# Provided records:
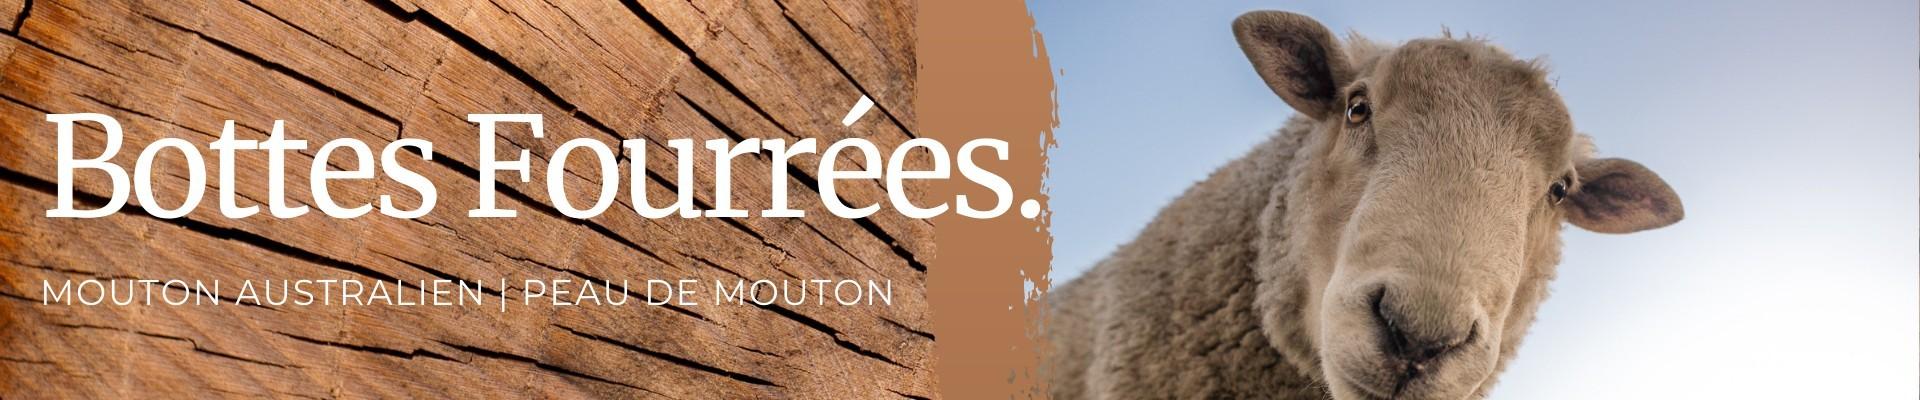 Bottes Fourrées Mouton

...

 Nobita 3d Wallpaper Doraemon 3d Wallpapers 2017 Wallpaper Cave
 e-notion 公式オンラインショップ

...

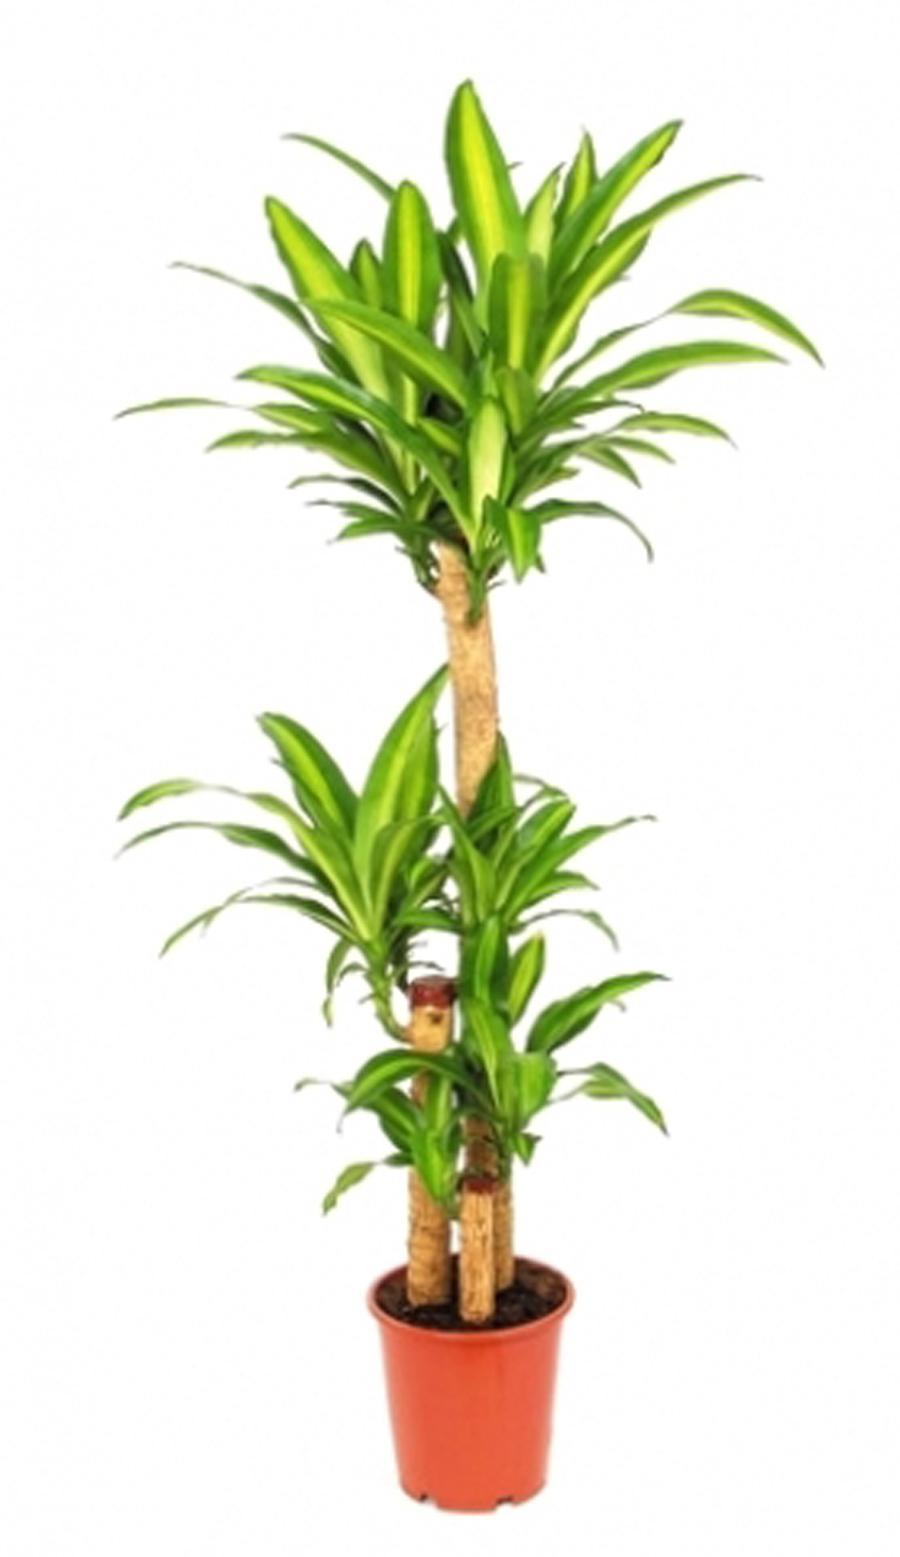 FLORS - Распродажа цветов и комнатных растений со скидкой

# The task:
Would you please write out, exactly and with no other lines, the stretch of the listing above from the line containing "Nobita 3d Wallpaper" through the line containing "e-notion 公式オンラインショップ"?

# Response:
 Nobita 3d Wallpaper Doraemon 3d Wallpapers 2017 Wallpaper Cave
 e-notion 公式オンラインショップ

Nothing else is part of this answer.